業務システムの中核をになうデータベースシステムは、その遅延やエラーが業務の遅延や損害に直結する可能性がある。常にボトルネック解消のために注力するのはもちろんだが、来るべき次世代ITインフラに向けた選定眼を持っておく必要がある。最新技術トレンドを確認しておこう。
「Internet of Things(IoT)」「ビッグデータ」「AIのビジネス活用」といった技術トレンドが注目を集めるが、足元のデータ基盤をどう整備していくか─。恐らく、いま企業内で何らかのデータを扱うインフラ部門担当者、業務システム運用担当者にとって、この問題は中長期的な課題の1つだろう。当然、最新のデータベースソフトウェアもこうしたトレンドに合わせて、進化を遂げている。2016年は主要な商用データベース製品の最新版が出そろうタイミングなので、次のシステム更改に向けてそれらのデータベース製品に盛り込まれる機能や設計思想はチェックしておきたいところだ。
Oracle Database 12cでは、「プラガブルデータベース(PDB)」とEnterprise Managerを活用した運用管理効率化が目玉機能になっている。複数のPDBを「コンテナ」単位でまとめて運用でき、無停止でのローリングアップグレードも可能になっている。加えて、Oracle Big Data Applianceなどを組み合わせてHadoopと接続できたり、グラフデータが扱える「Oracle Spatial and Graph」といった、従来のRDB以外の機能を盛り込んだオプション機能を提供する。インメモリデータベース機能もオプションの1つとして提供されている。
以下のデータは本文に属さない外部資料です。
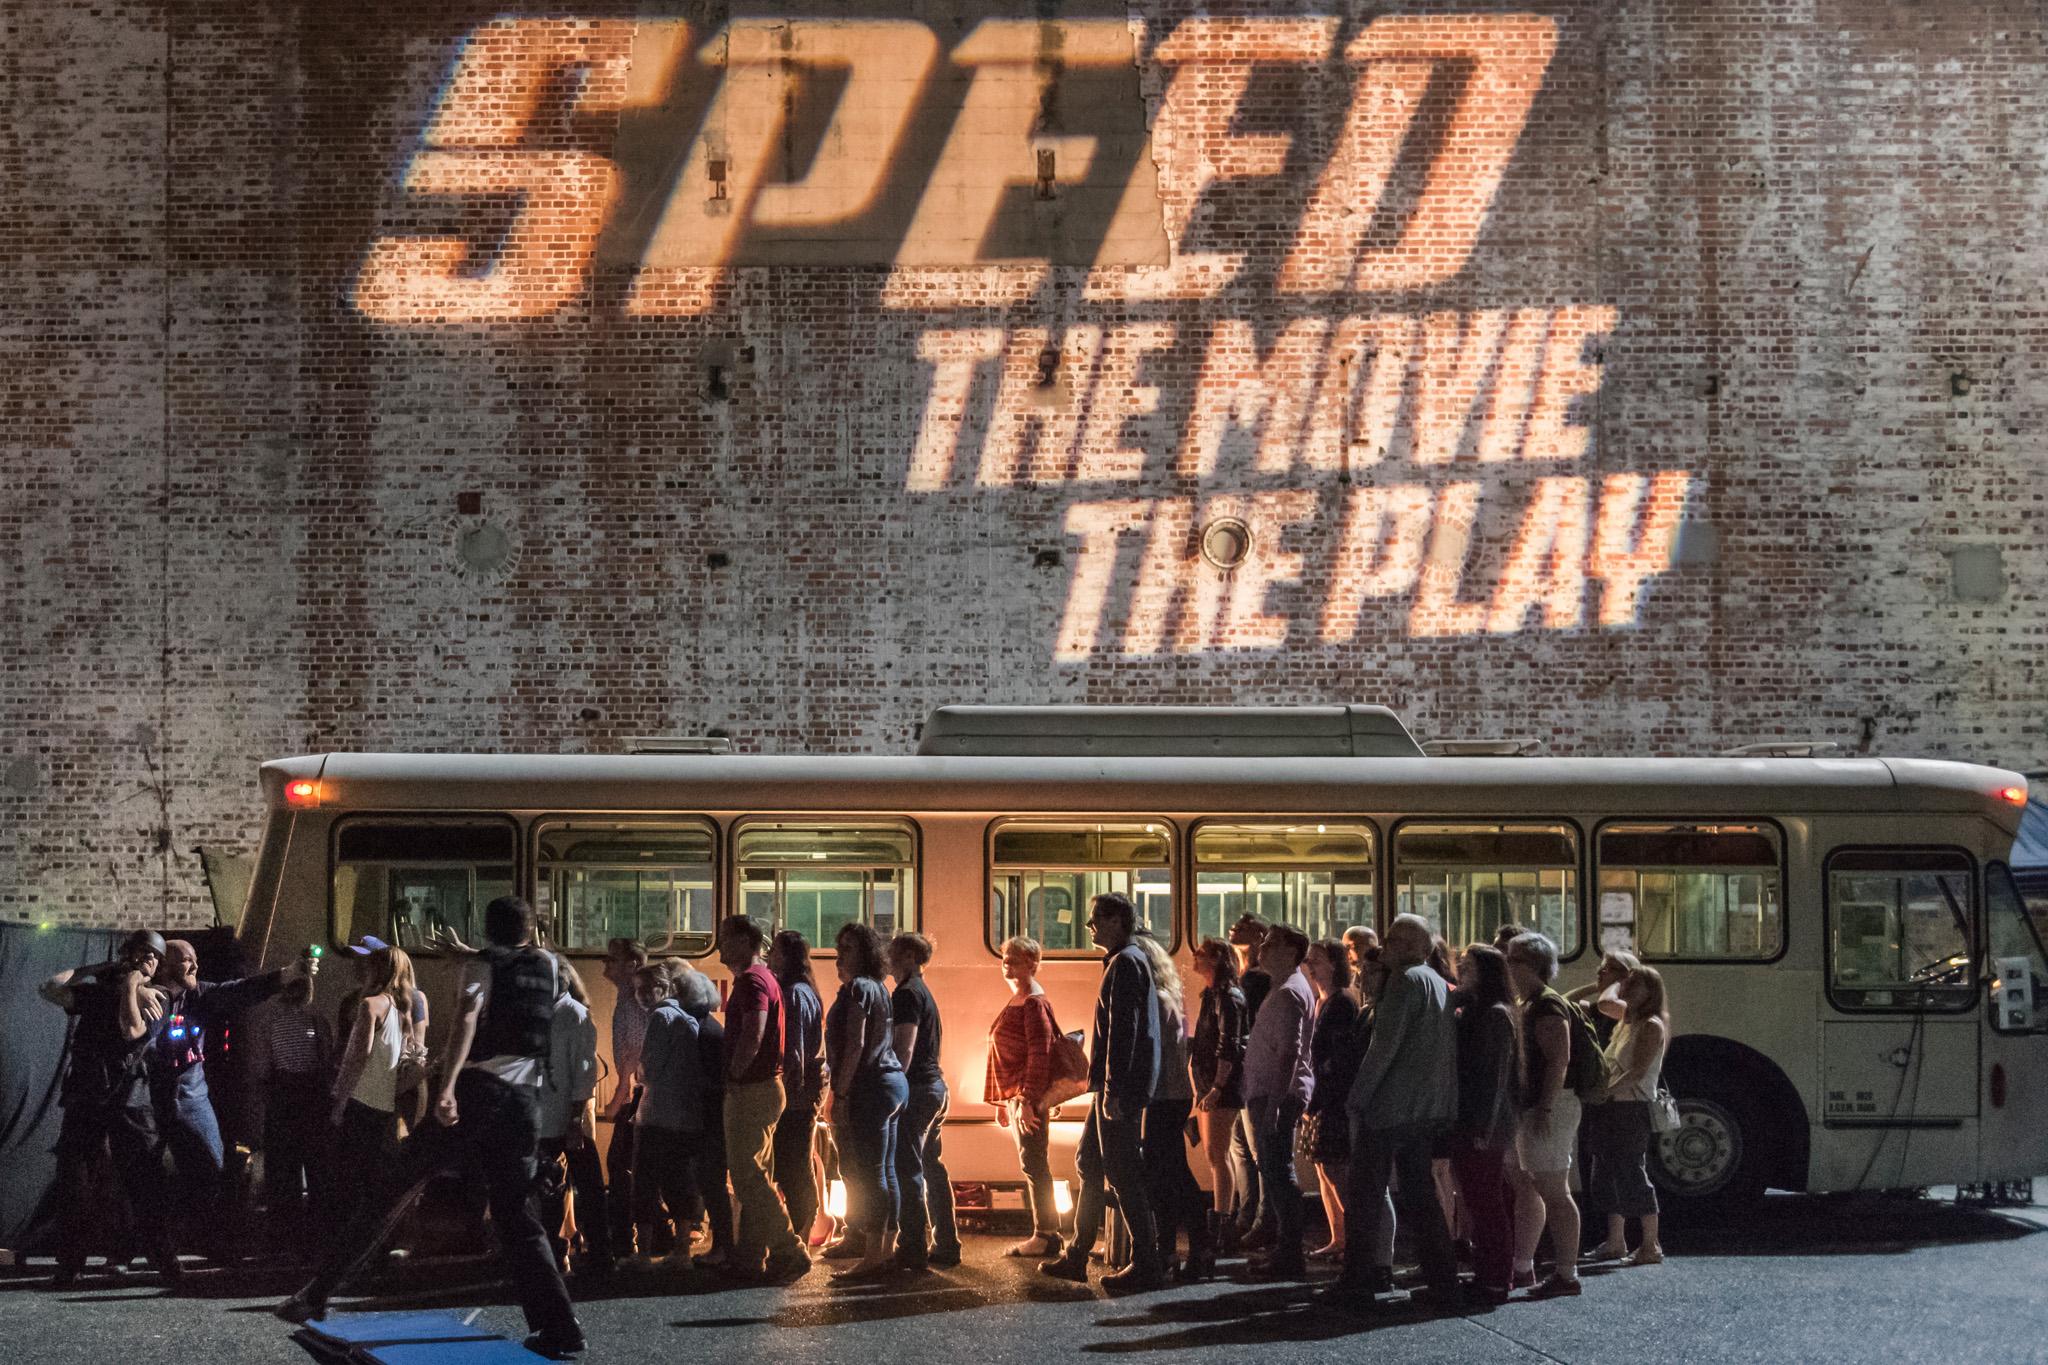 Speed-the-movie-the-play-05.jpg

この他、ハイブリッドクラウド環境への対応として、Oracle Cloudとの連携機能も提供される。
SQL Server 2016では、パブリッククラウド領域のデータベース「SQL Database」を柔軟に利用できる「Stretch Database」や、「Always Encrypted」による暗号化などの機能が盛り込まれた。このほか、SQL Server 2014で実装されたインメモリOLTPは2TBまで拡大、OLTPとOLAPのインデックスの両方を同時に持つこともできるようになっている。また、データ分析向けのプログラム言語「R」の実行環境などが、オプションではなく標準で搭載されている。
インメモリデータベースといえばERPベンダーとして知られるSAPが手掛ける「SAP HANA」も忘れてはならない。このほか、「IBM DB2」でも「BLUアクセラレーション」という独自のデータ圧縮技術を使ったインメモリカラムナデータベースが搭載され、「SPSS」のようなデータ分析ソフトウェアとの組み合わせで高速にリアルタイム分析ができるなど、従来のリレーショナルデータベースとは異なる機能が盛り込まれている。
主要な商用データベース製品の動向を見ても分かる通り、いまデータベース周辺の技術は転換期を迎えつつある。とはいえ、「では早速アップグレード」と簡単には行かないのが業務システムのデータベースだ。